**WORK ITEM:** The response should contain all of the data below, reproduced exactly, and no pictures.

**AVAILABLE DATA:**

- Opening Delimiter -

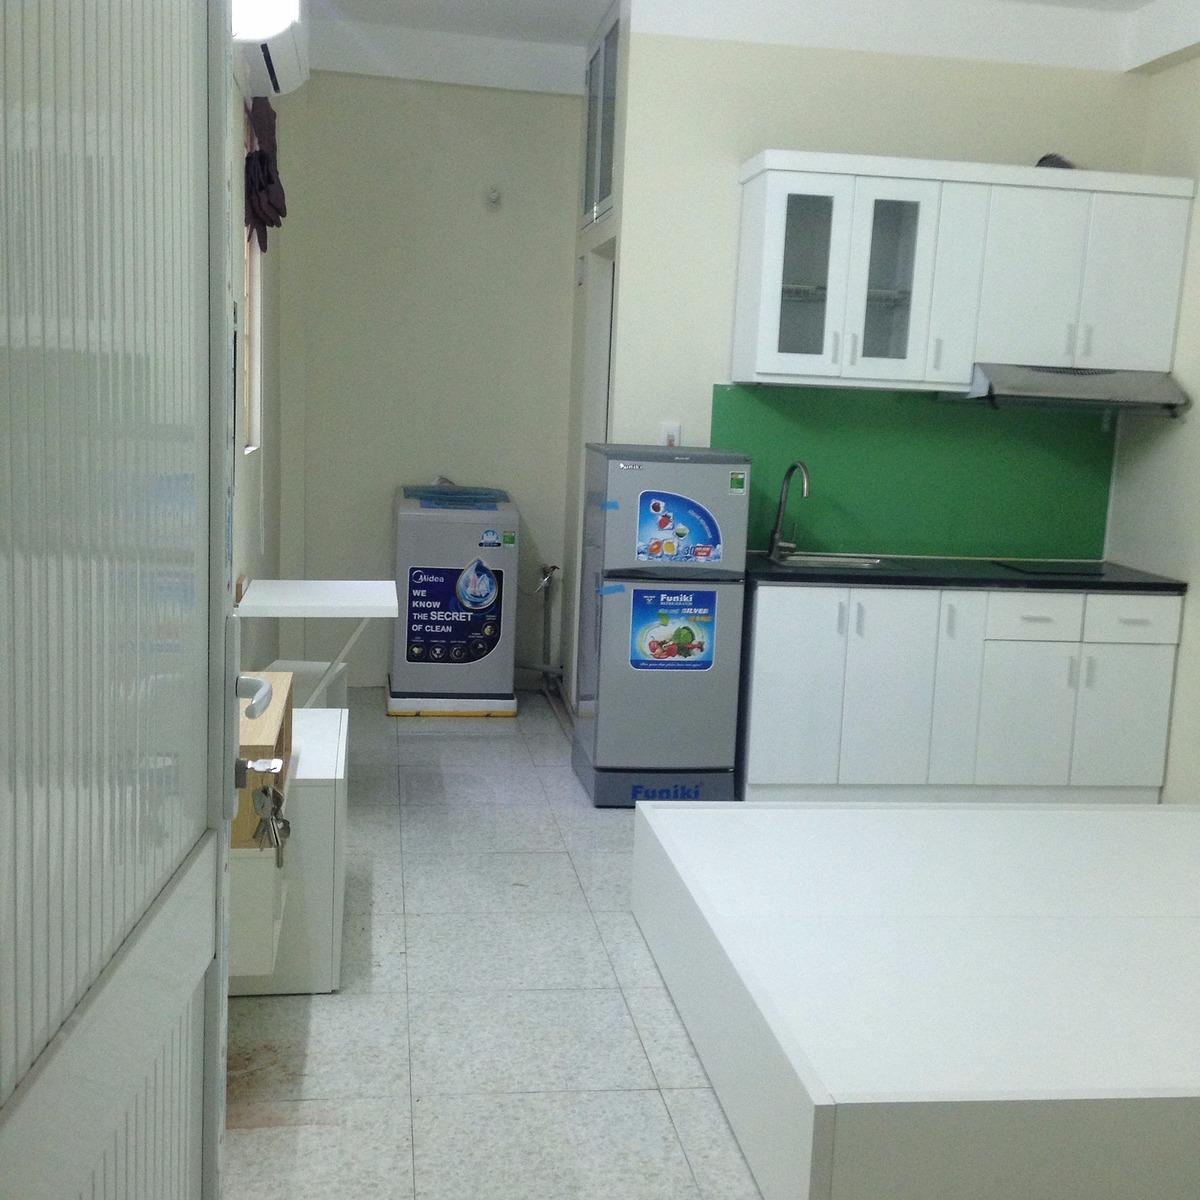 Cho thuê căn hộ chung cư tại Khu đô thị Mễ Trì, Nam Từ Liêm, Hà Nội diện tích từ 25-45m2 20175c796c0a-67f5-4214-9522-5b080fc80ad3
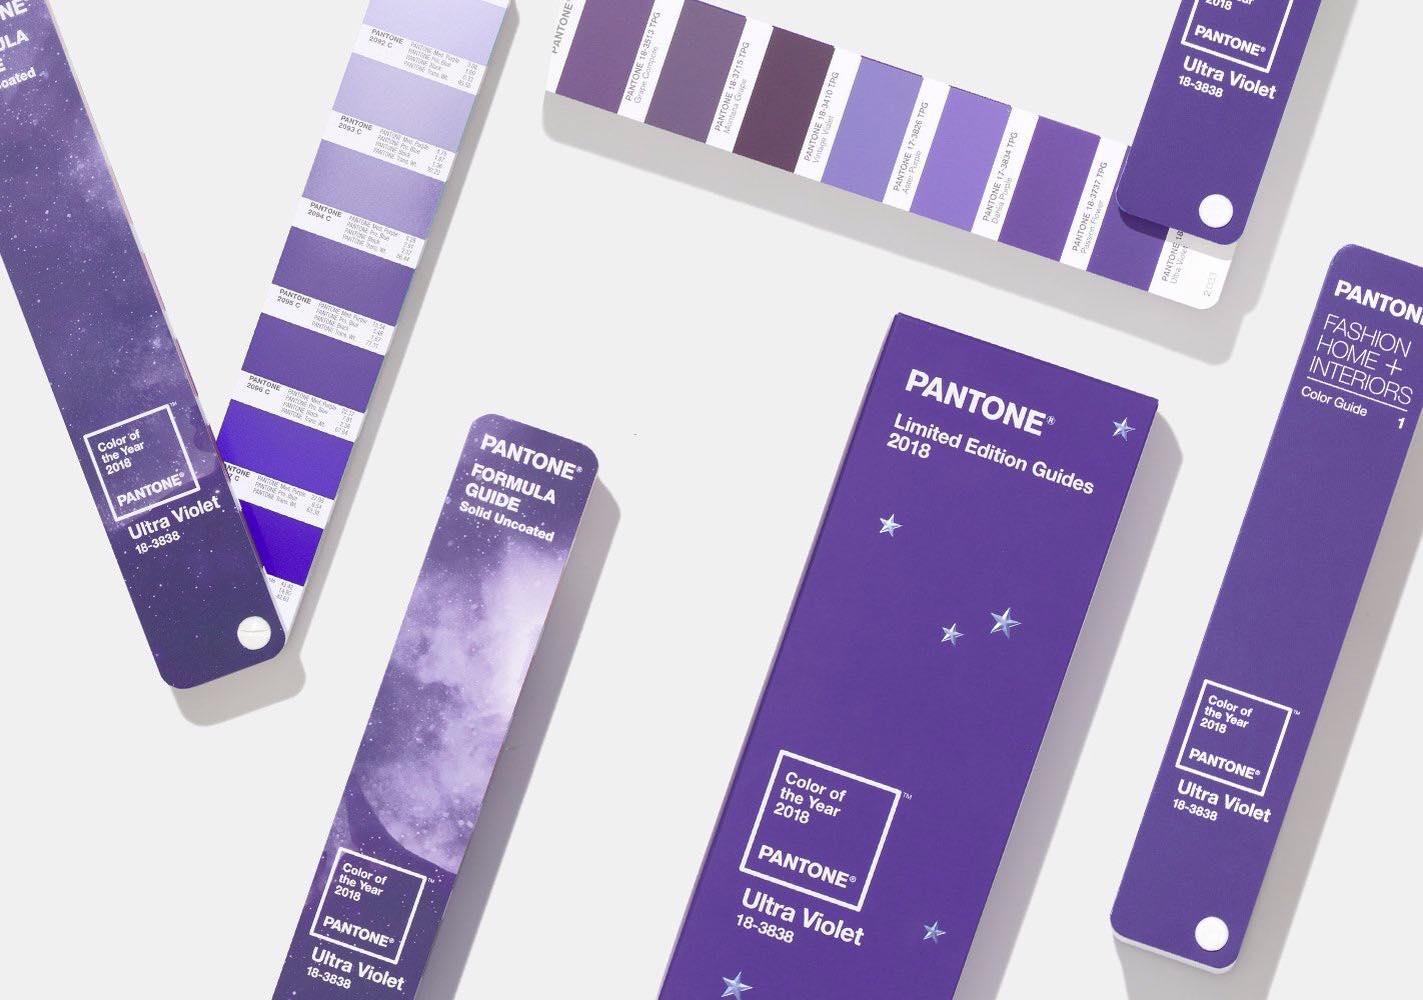 شركة Pantone 2018 5 اللون البنفسجي لون العام بحسب بانتون
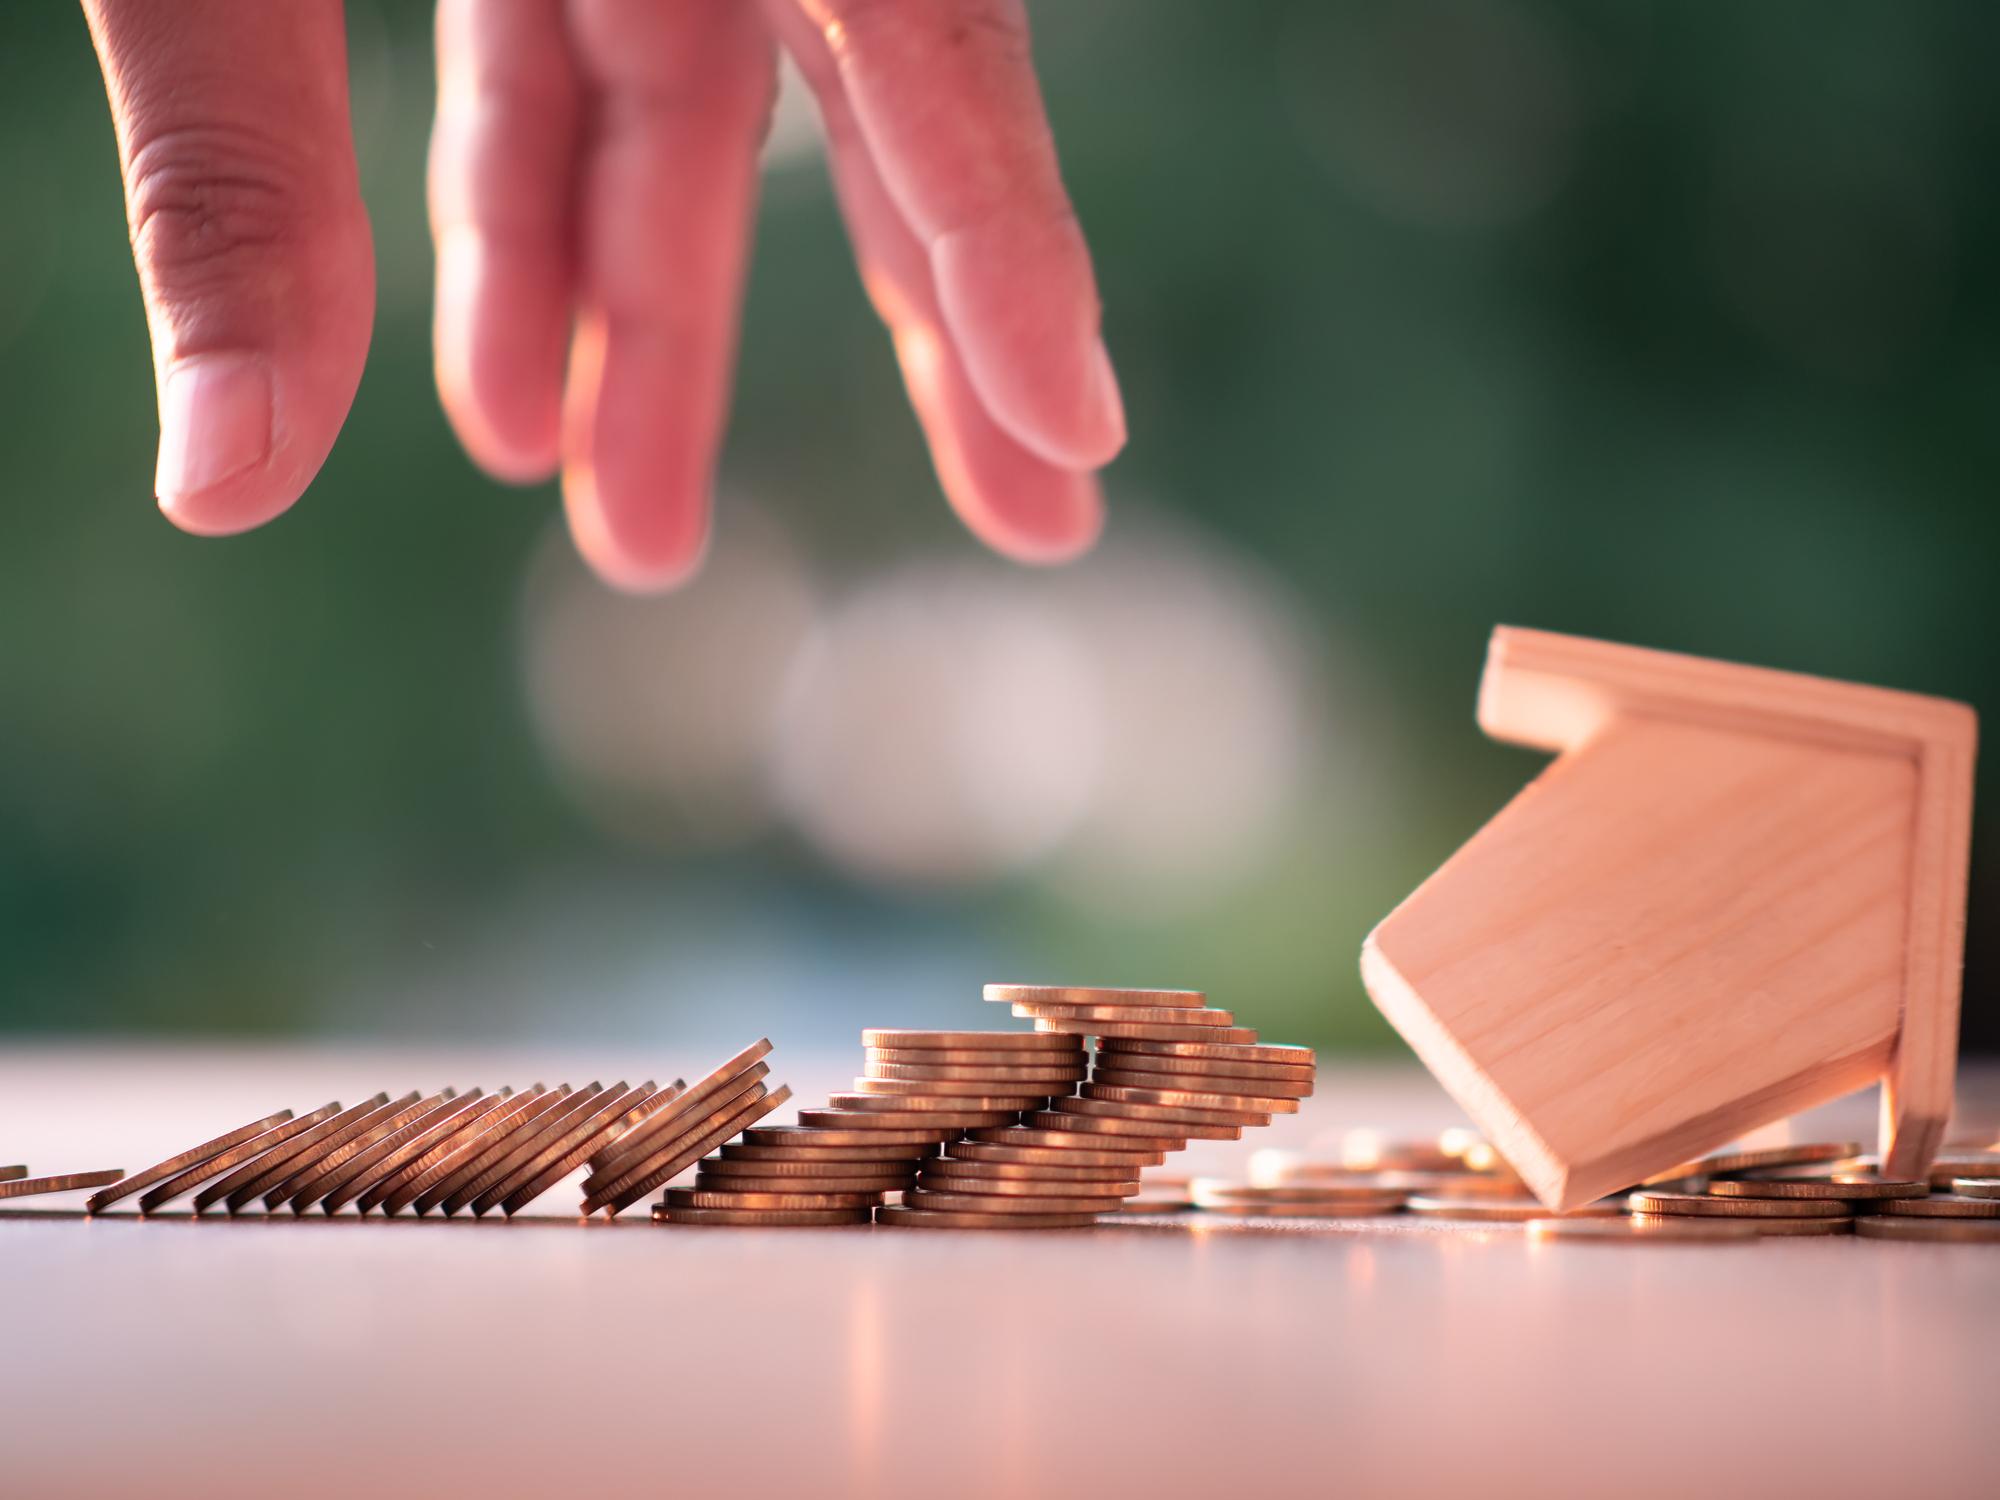 Hvordan finne det beste lånet når man skal refinansiere

- Closing Delimiter -

**WRITTEN ANSWER:**
 Cho thuê căn hộ chung cư tại Khu đô thị Mễ Trì, Nam Từ Liêm, Hà Nội diện tích từ 25-45m2 20175c796c0a-67f5-4214-9522-5b080fc80ad3
 شركة Pantone 2018 5 اللون البنفسجي لون العام بحسب بانتون
 Hvordan finne det beste lånet når man skal refinansiere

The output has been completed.